Congratulations! VIPL's 9 papers are accepted by ICCV 2021! ICCV is a top international conference on computer vision, pattern recognition and artificial intelligence hosted by IEEE.
1. Meta
Gradient Adversarial Attack (Zheng Yuan, Jie Zhang, Yunpei Jia, Chuanqi Tan,
Tao Xue, Shiguang Shan)
2. Hierarchical Object-to-Zone Graph for
Object Navigation (Sixian Zhang, Xinhang Song, Yubing Bai, Weijie Li, Yakui
Chu, Shuqiang Jiang)
The goal of object navigation is to reach the expected objects according to visual information in the unseen environments. Previous works usually implement deep models to train an agent to predict actions in real-time. However, in the unseen environment, when the target object is not in egocentric view, the agent may not be able to make wise decisions due to the lack of guidance. In this paper, we propose a hierarchical object-to-zone (HOZ) graph to guide the agent in a coarse-to-fine manner, and an online-learning mechanism is also proposed to update HOZ according to the real-time observation in new environments. In particular, the HOZ graph is composed of scene nodes, zone nodes and object nodes. With the pre-learned HOZ graph, the real-time observation and target goal, the agent can constantly plan an optimal path from zone to zone. In the estimated path, the next potential zone is regarded as sub-goal, which is also fed into the deep reinforcement learning model for action prediction. Our methods are evaluated on the AI2-Thor simulator. In addition to widely used evaluation metrics Success Rate (SR) and Success weighted by Path Length (SPL), we also propose a new evaluation of Success weighted by Action Efficiency (SAE) that focuses on the effective action rate. Experimental results demonstrate the effectiveness and efficiency of our proposed method.
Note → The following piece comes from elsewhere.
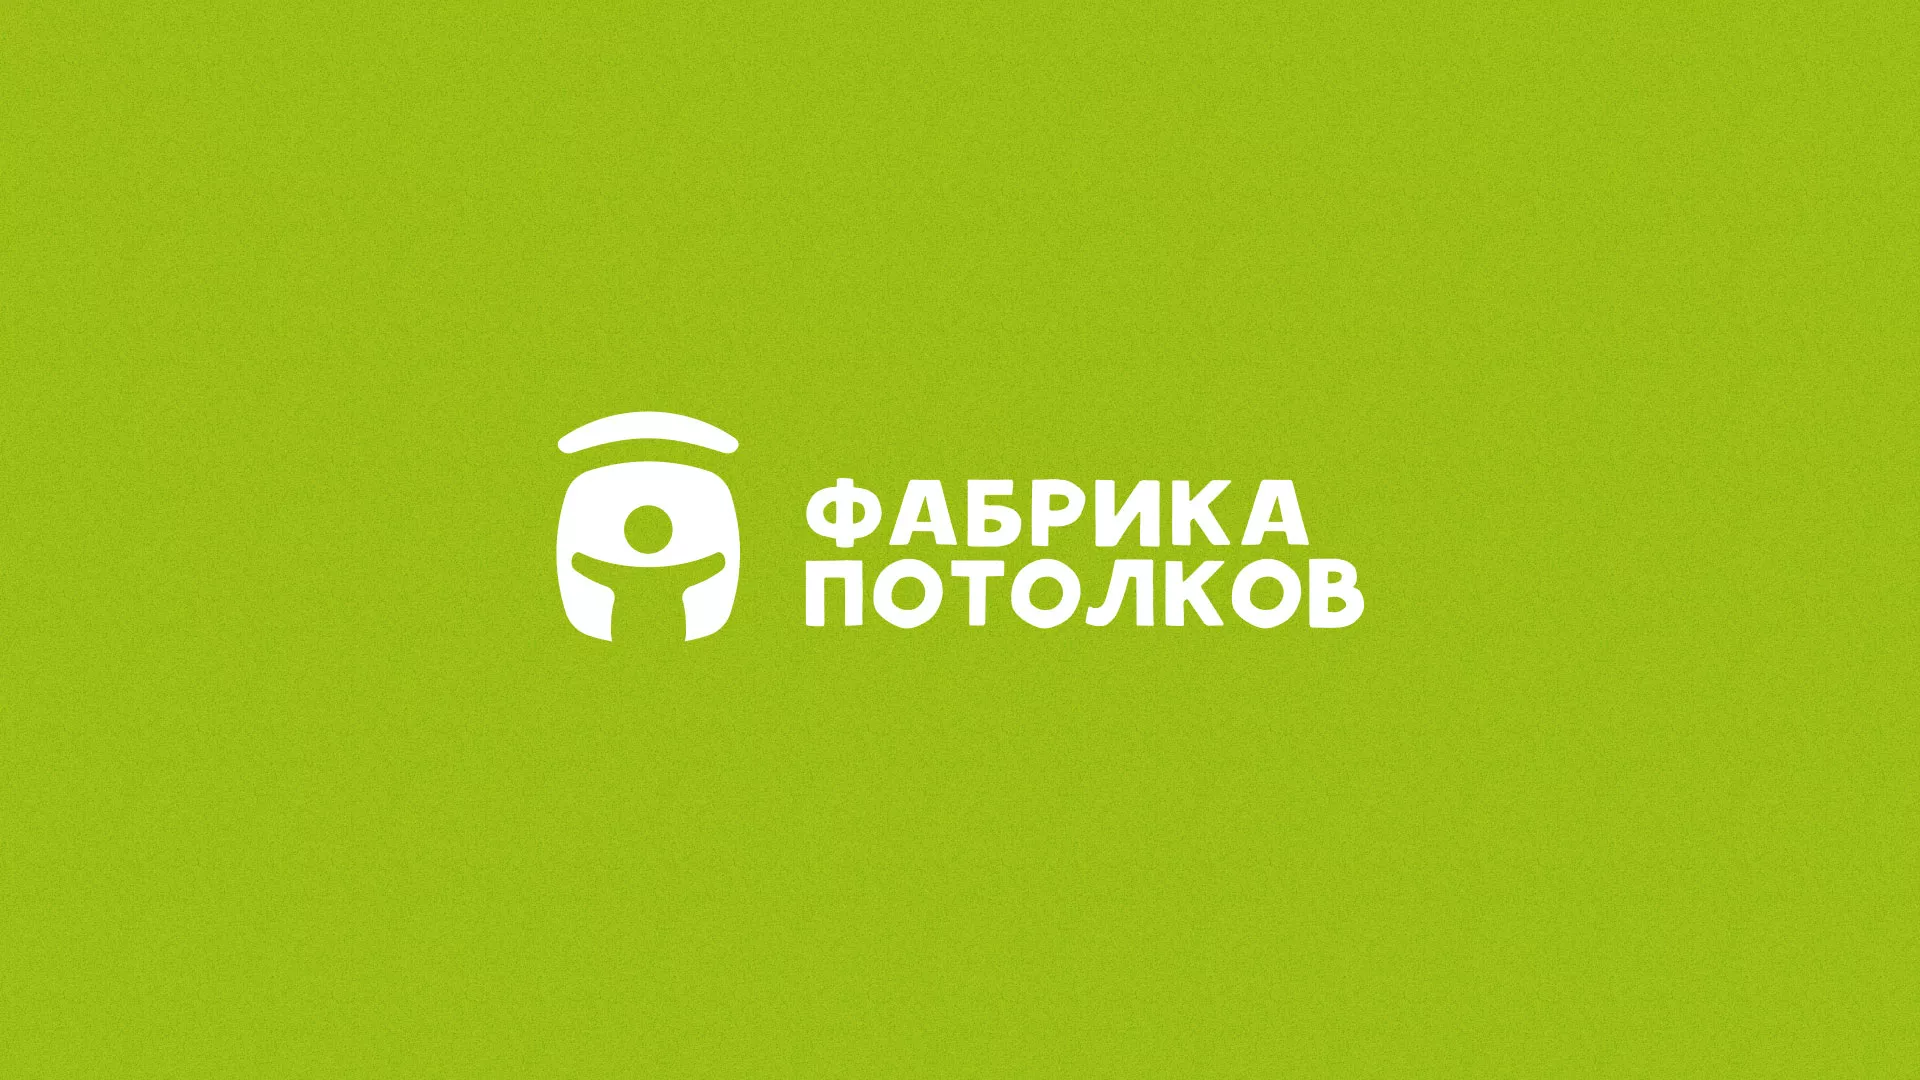 Разработка логотипа для производства натяжных потолков в Урюпинске

3. EigenGAN: Layer-Wise Eigen-Learning for
GANs (Zhenliang He, Meina Kan, Shiguang Shan)
Recent studies on Generative
Adversarial Network (GAN) reveal that different layers of a generative CNN hold
different semantics of the synthesized images. However, few GAN models have
explicit dimensions to control the semantic attributes represented in a
specific layer. This paper proposes EigenGAN which is able to unsupervisedly
mine interpretable and controllable dimensions from different generator layers.
Specifically, EigenGAN embeds one linear subspace with orthogonal basis into
each generator layer. Via generative adversarial training to learn a target
distribution, these layer-wise subspaces automatically discover a set of
“eigen-dimensions” at each layer corresponding to a set of semantic attributes
or interpretable variations. By traversing the coefficient of a specific
eigen-dimension, the generator can produce samples with continuous changes
corresponding to a specific semantic attribute. Taking the human face for
example, EigenGAN can discover controllable dimensions for high-level concepts
such as pose and gender in the subspace of deep layers, as well as low-level
concepts such as hue and color in the subspace of shallow layers. Moreover, in
the linear case, we theoretically prove that our algorithm derives the
principal components as PCA does.
4. Cross-Encoder for Unsupervised Gaze Representation Learning (Yunjia Sun, Jiabei Zeng, Shiguang Shan, Xilin Chen)
In order to train 3D gaze estimators without too many annotations, we propose an unsupervised learning framework, Cross-Encoder, to leverage the unlabeled data to learn suitable representation for gaze estimation. To address the issue that the feature of gaze is always intertwined with the appearance of the eye, Cross-Encoder disentangles the features using a latent-code-swapping mechanism on eye-consistent image pairs and gaze-similar ones. Specifically, each image is encoded as a gaze feature and an eye feature. Cross-Encoder is trained to reconstruct each image in the eye-consistent pair according to its gaze feature and the other’s eye feature, but to reconstruct each image in the gaze-similar pair according to its eye feature and the other’s gaze feature. Experimental results show the validity of our work. First, using the Cross-Encoder-learned gaze representation, the gaze estimator trained with very few samples outperforms the ones using other unsupervised learning methods, under both within-dataset and cross-dataset protocol. Second, ResNet18 pretrained by Cross-Encoder is competitive with state-of-the-art gaze estimation methods. Third, ablation study shows that Cross-Encoder disentangles the gaze feature and eye feature.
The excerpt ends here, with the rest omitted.